Is this the correct definition for the standard topology in $\Bbb R^2$;

$T_{st}=\{(x_1,y_1)\times(x_2,y_2)|x_i,y_i\in \Bbb R\}$

Answer 1

Let $\mathbb R$ be equipped with its usual topology.

For $i=1,2$ there are projection functions $\pi_i:\mathbb R^2\to\mathbb R$ prescribed by $\langle x_1,x_2\rangle\mapsto x_i$.

Then the product topology is the smallest topology such that the projection functions are continuous.

Demanding this comes to the same as demanding that the product topology is the smallest topology such that sets of the form $(a,b)\times\mathbb R$ and $\mathbb R\times(a,b)$ are open sets.

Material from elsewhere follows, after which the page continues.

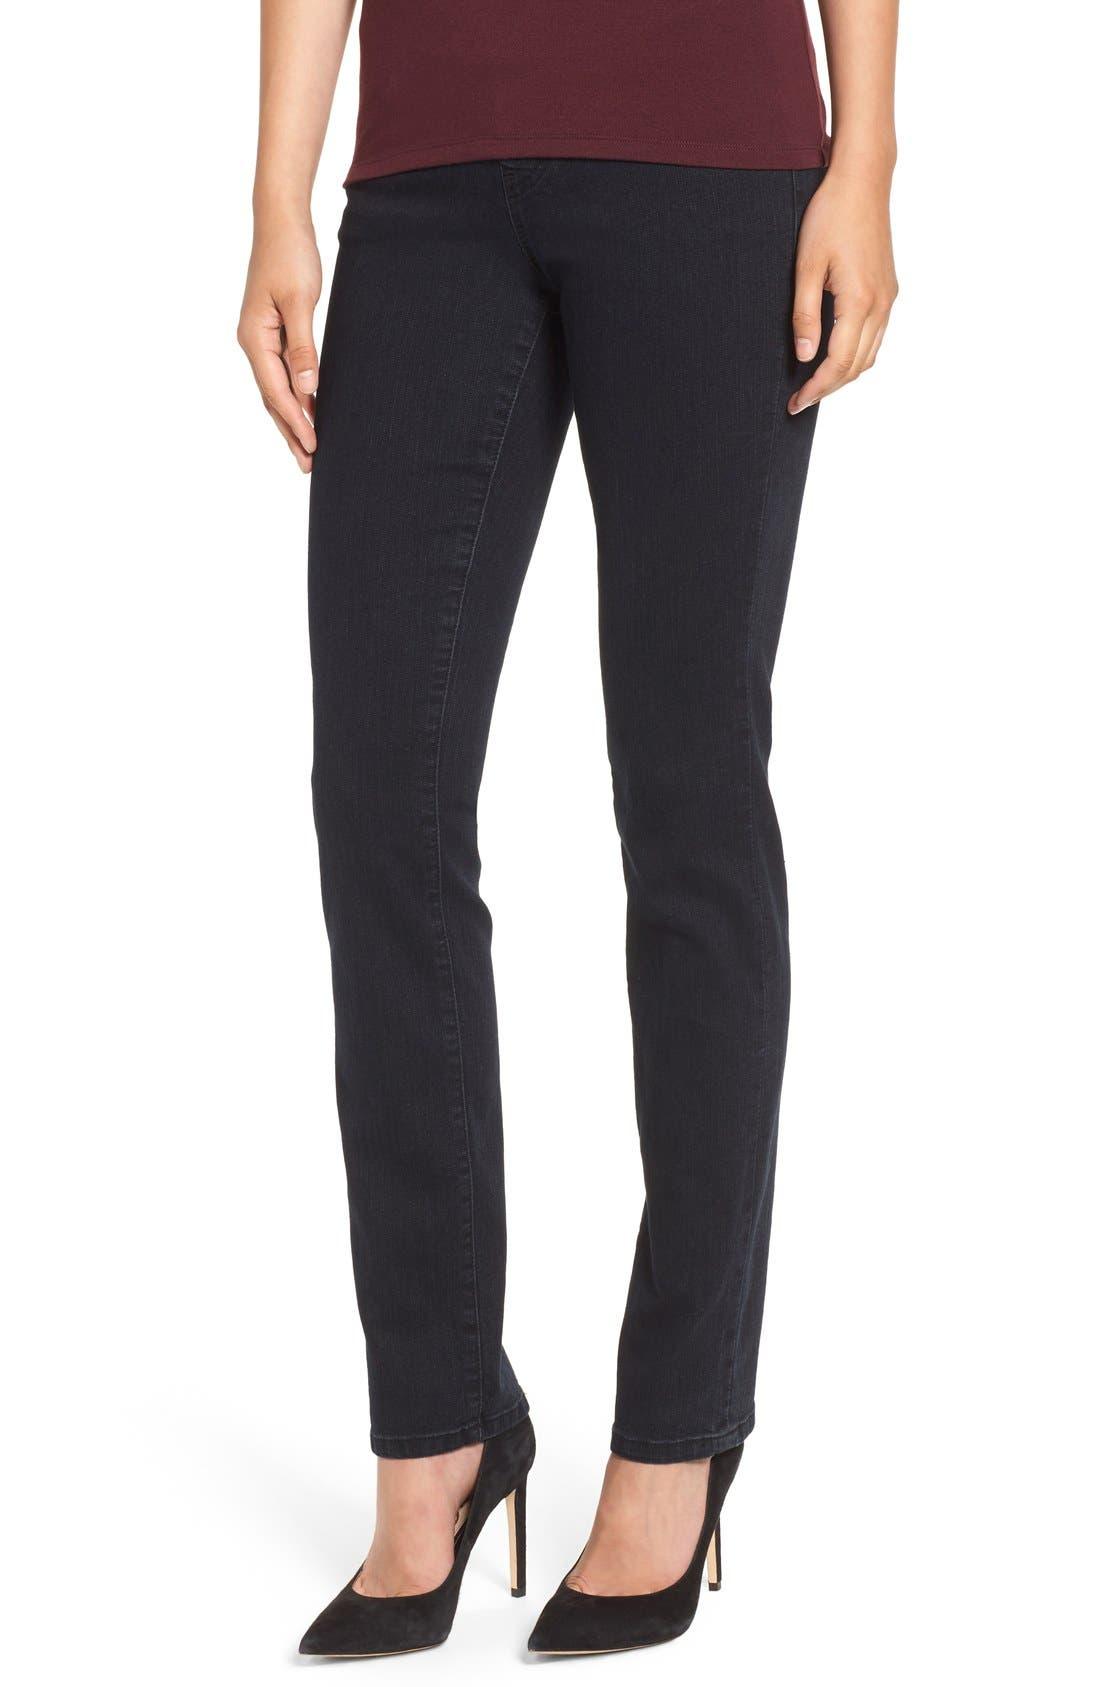 Main Image - Jag Jeans 'Peri' Straight Leg Pull-On Jeans (Black Void) (Regular & Petite) (Online Only)

Also it comes to the same as demanding that the product topology is the smallest topology such that sets of the form $(a,b)\times(c,d)$ are open sets. This corresponds with the collection mentioned in your question and this collection serves as a subbase and also (more strongly) as a base of that topology.

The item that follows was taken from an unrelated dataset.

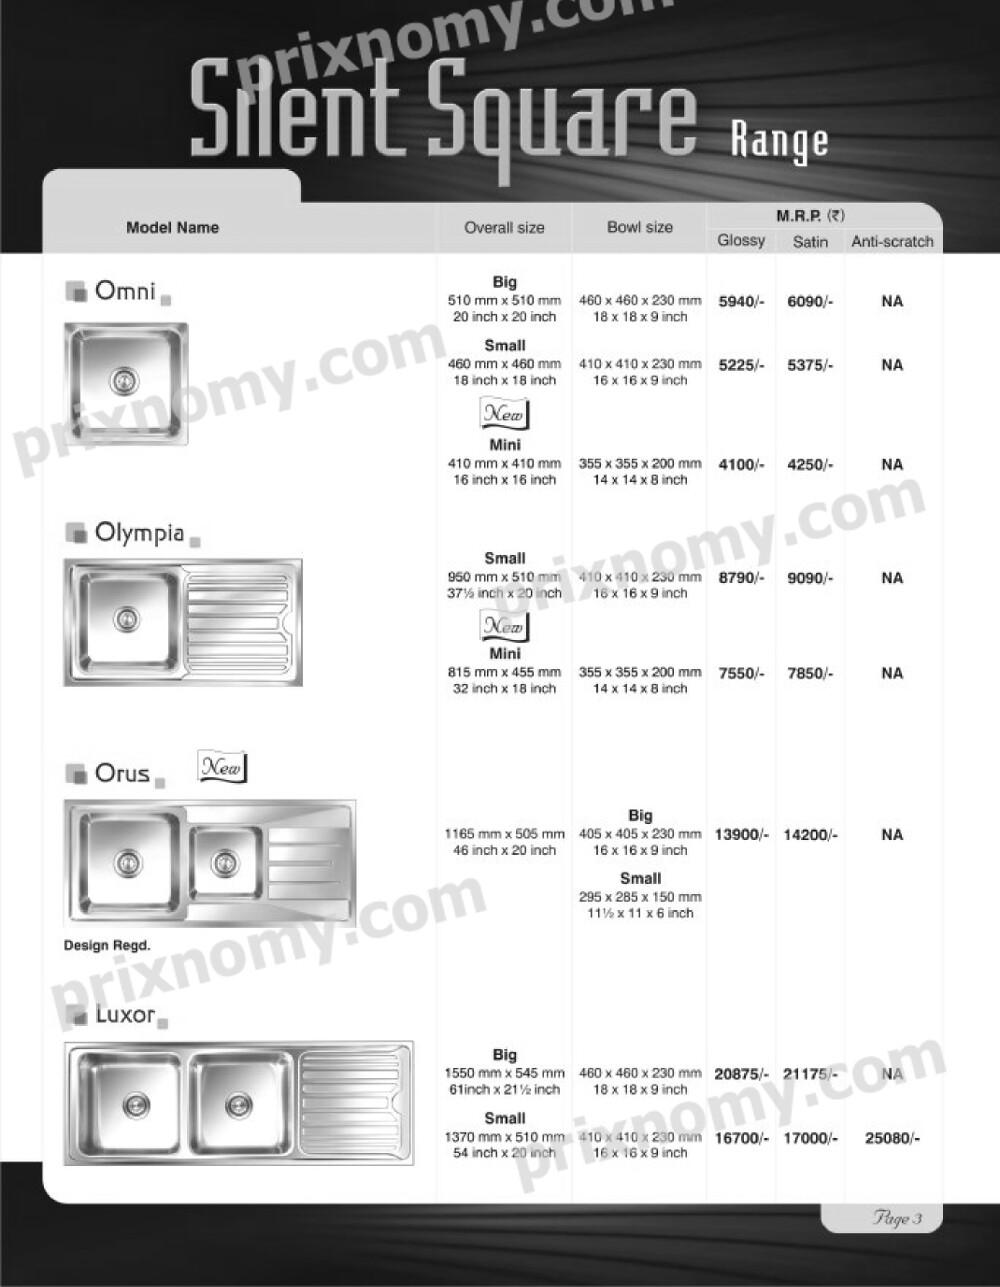 Nirali kitchen sinks price list 2014 prixnomy silent square range best prices silent square range supplier silent square range manufacturer workwithnaturefo

Be aware though that this collection is not a topology itself. For that note that e.g. the union $(0,2)\times(0,2)\cup(1,3)\times(1,3)$ is not an element of the collection, so the collection is not closed under unions (hence is no topology).

Further it can be proved that this product topology is the same as the topology that is induced by the metric: $$d(\langle x,y\rangle,\langle x',y'\rangle)=||\langle x,y\rangle-\langle x',y'\rangle||$$

The topology described is commonly labeled as "standard topology" on $\mathbb R^2$.